[Description of the task]
The required result is an exact copy of every line from the one with "Service Award 2021 Platz zwei für Kunzmann" through the last line below, with the pictures left out.

[Available data]
_ _ _ _ _
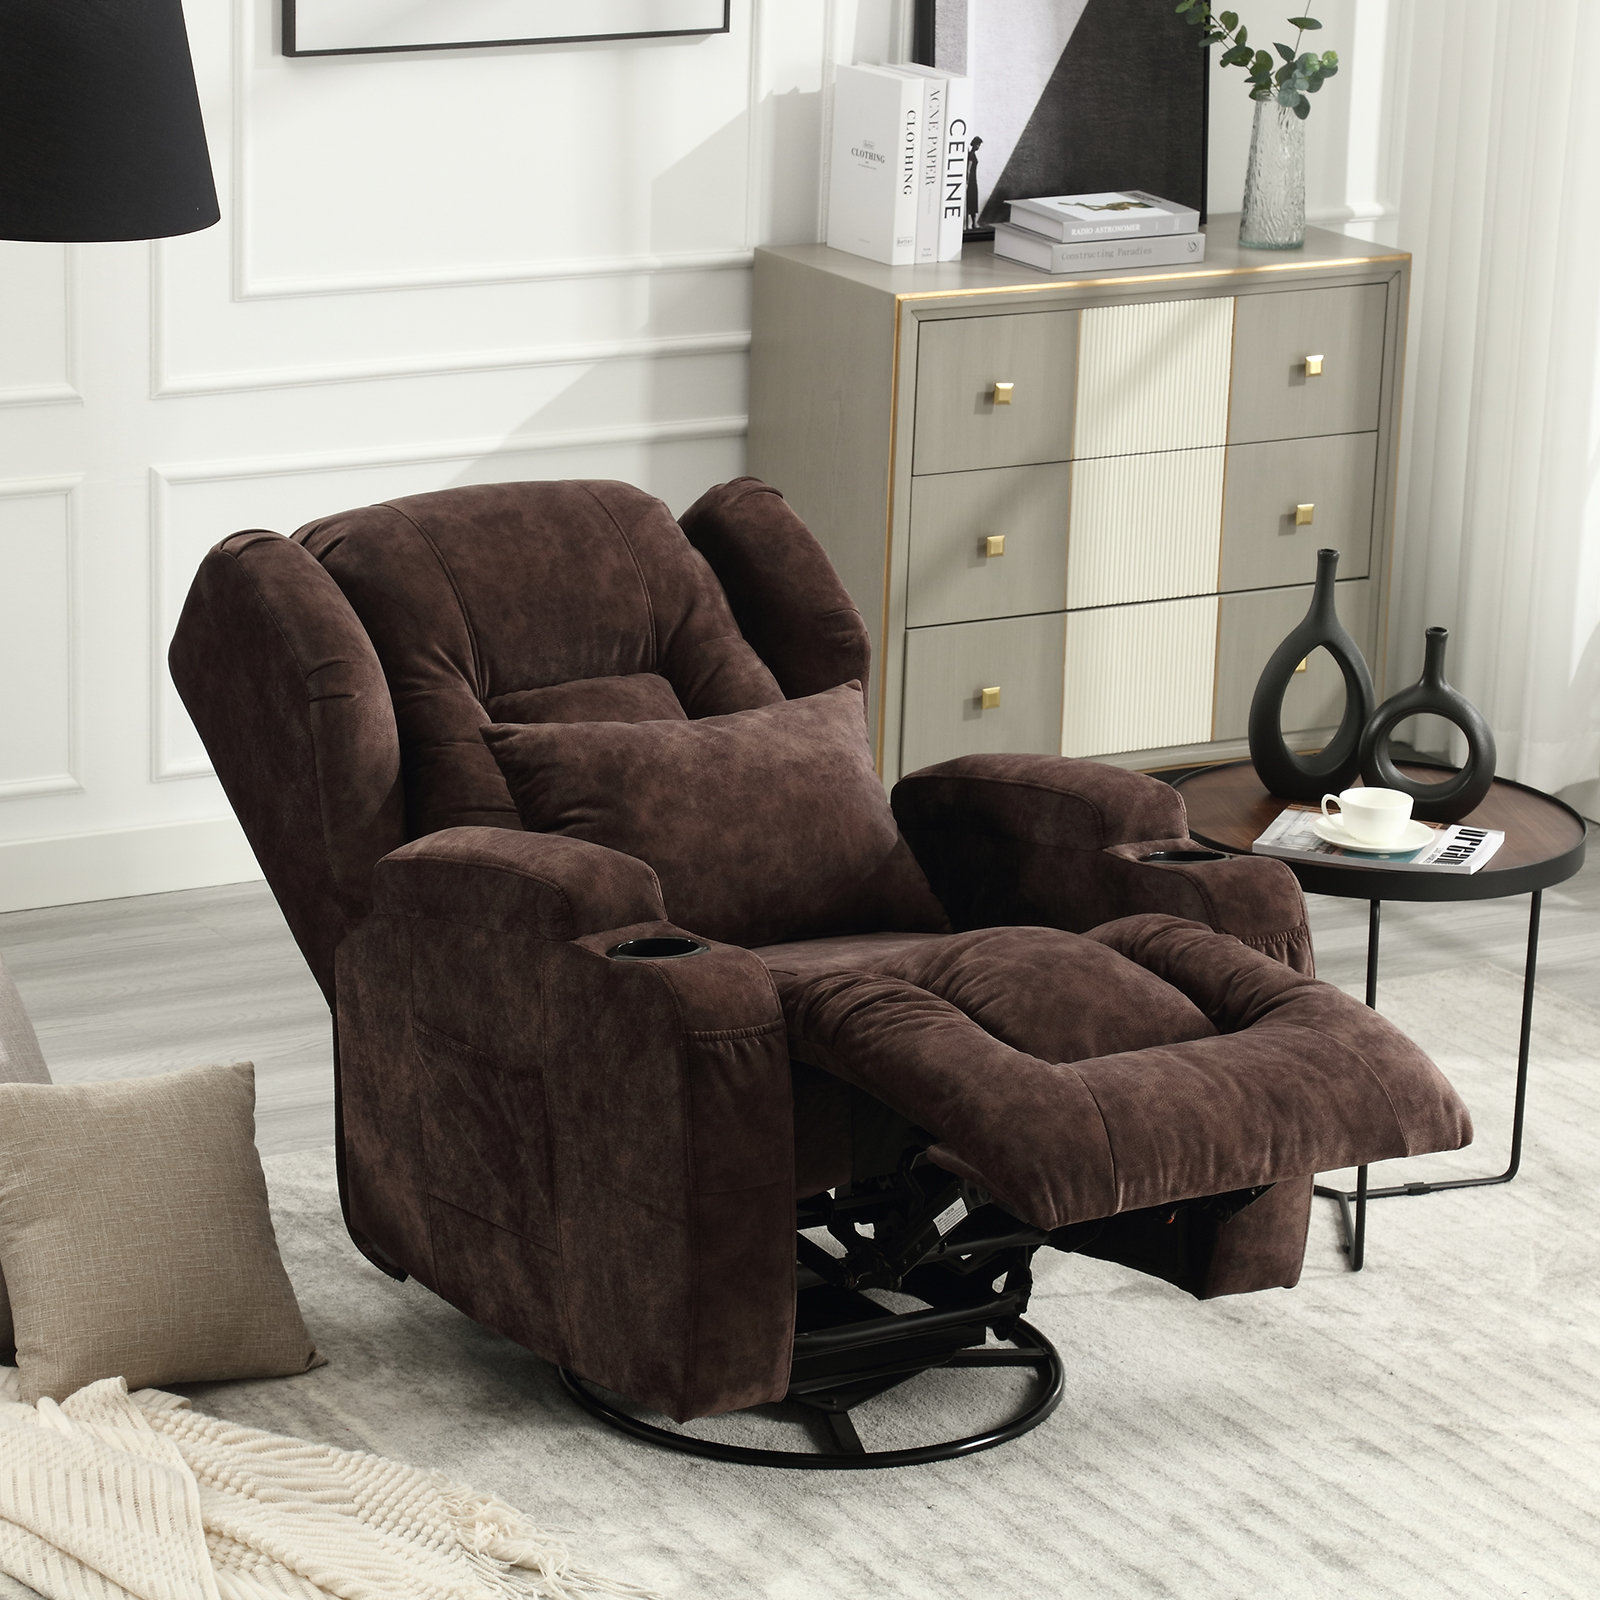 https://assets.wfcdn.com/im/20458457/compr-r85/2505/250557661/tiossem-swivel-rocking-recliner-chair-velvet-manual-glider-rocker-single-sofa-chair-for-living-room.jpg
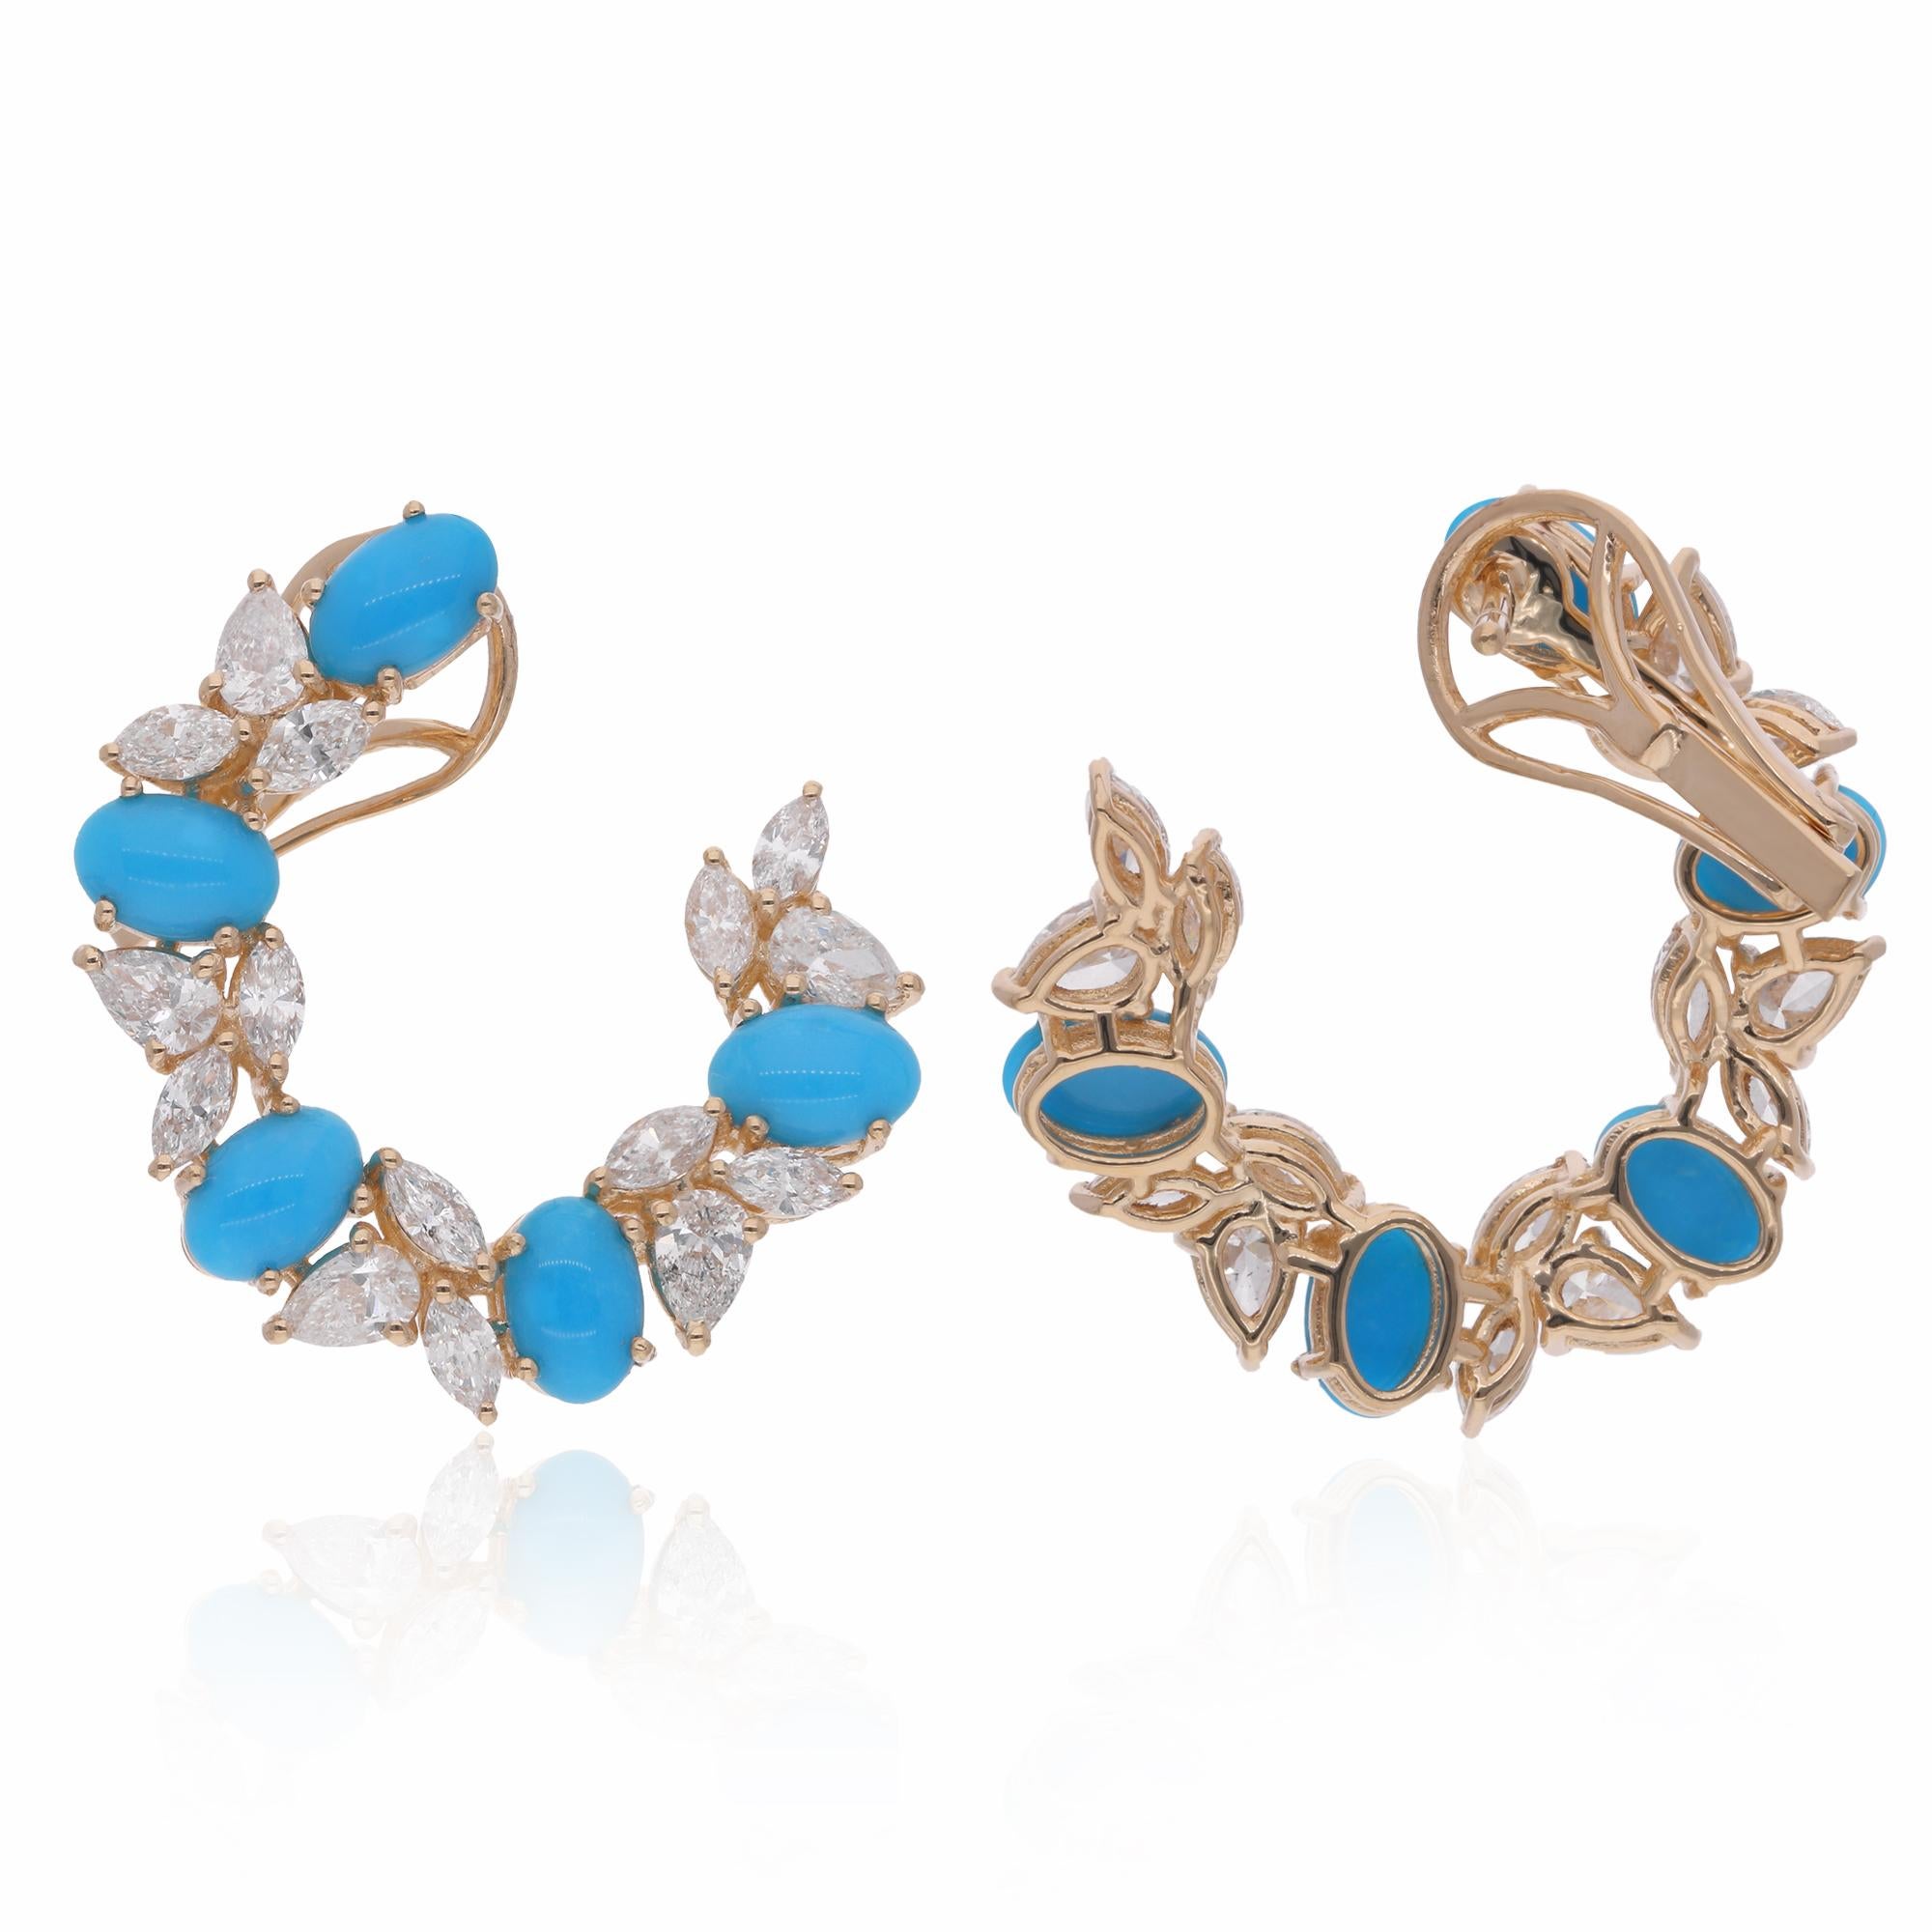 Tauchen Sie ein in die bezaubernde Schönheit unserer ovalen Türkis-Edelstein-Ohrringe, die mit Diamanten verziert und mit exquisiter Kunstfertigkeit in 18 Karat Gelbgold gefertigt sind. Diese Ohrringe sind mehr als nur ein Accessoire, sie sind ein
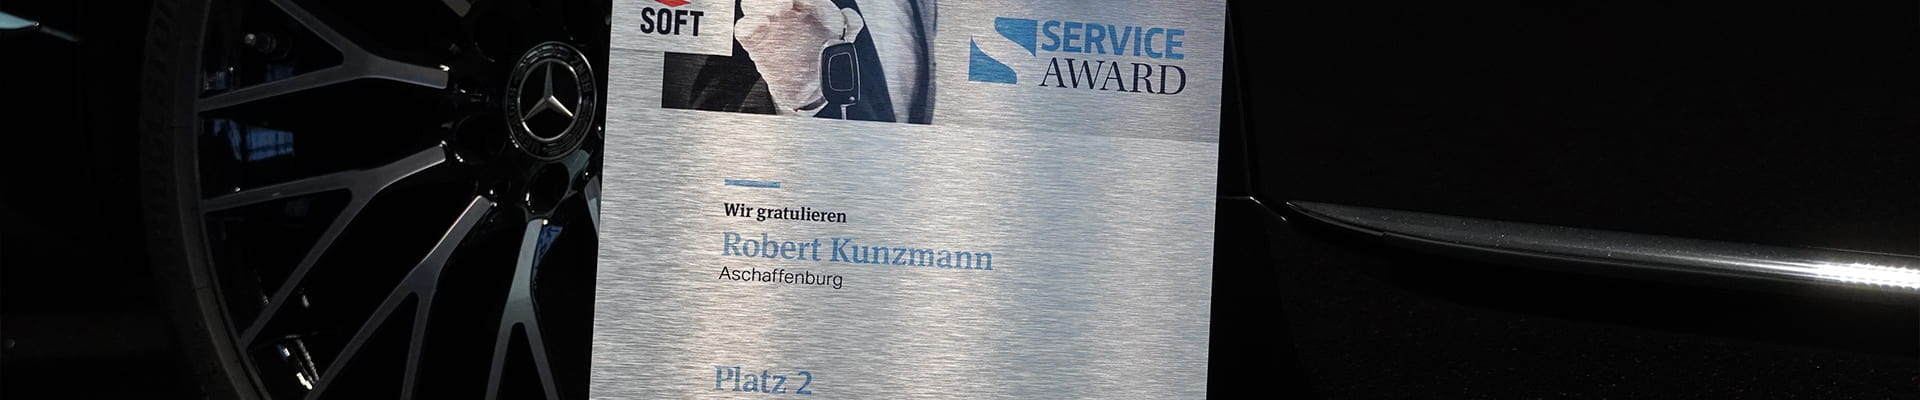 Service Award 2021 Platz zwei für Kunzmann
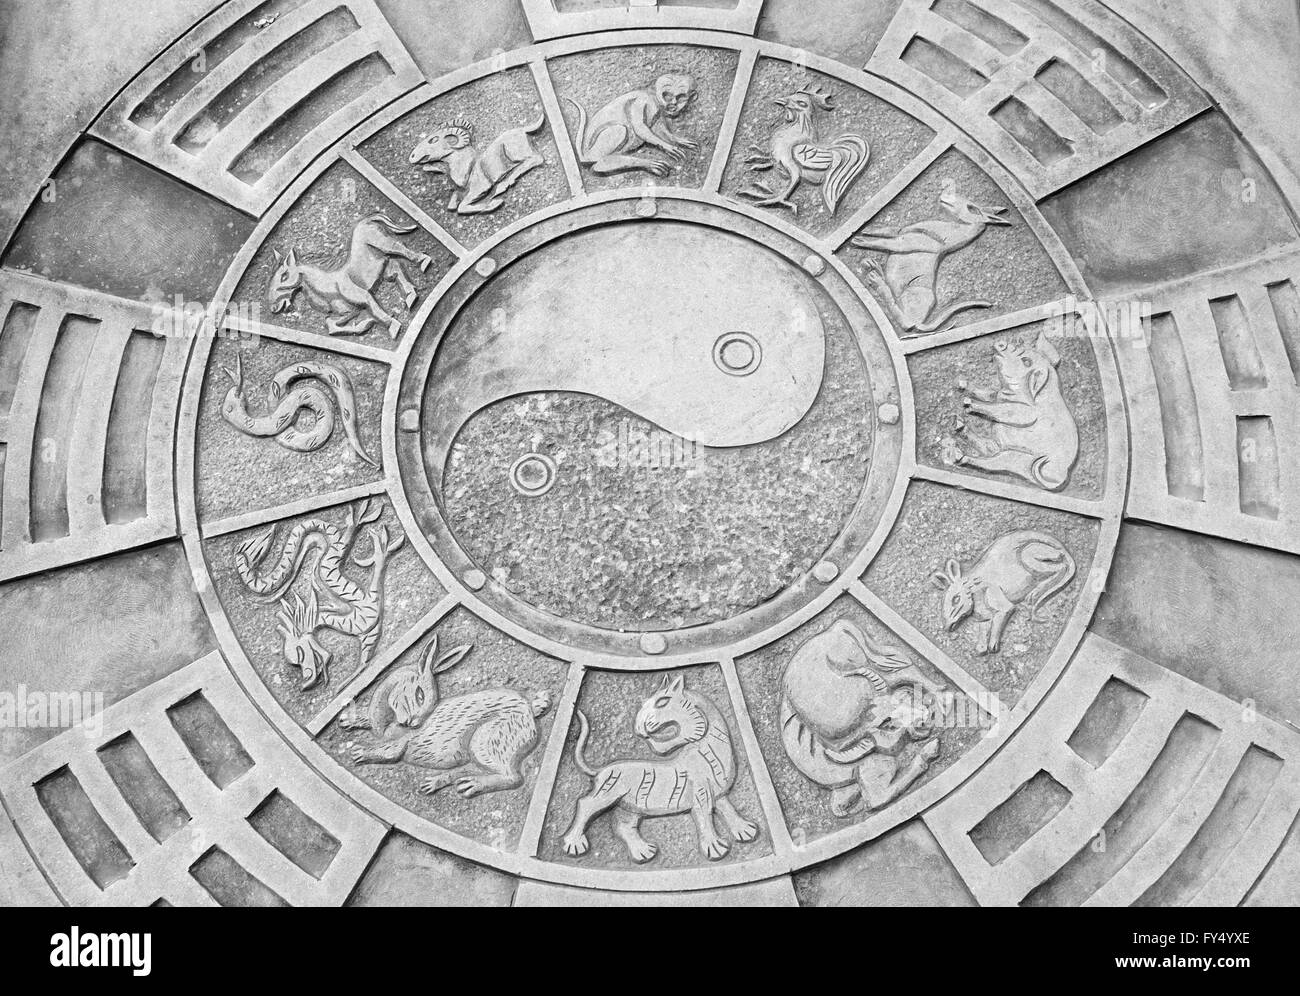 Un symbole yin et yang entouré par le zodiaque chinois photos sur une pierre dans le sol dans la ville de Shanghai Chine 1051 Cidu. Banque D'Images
_ _ _ _ _
[Result for this task]
 Service Award 2021 Platz zwei für Kunzmann
 Un symbole yin et yang entouré par le zodiaque chinois photos sur une pierre dans le sol dans la ville de Shanghai Chine 1051 Cidu. Banque D'Images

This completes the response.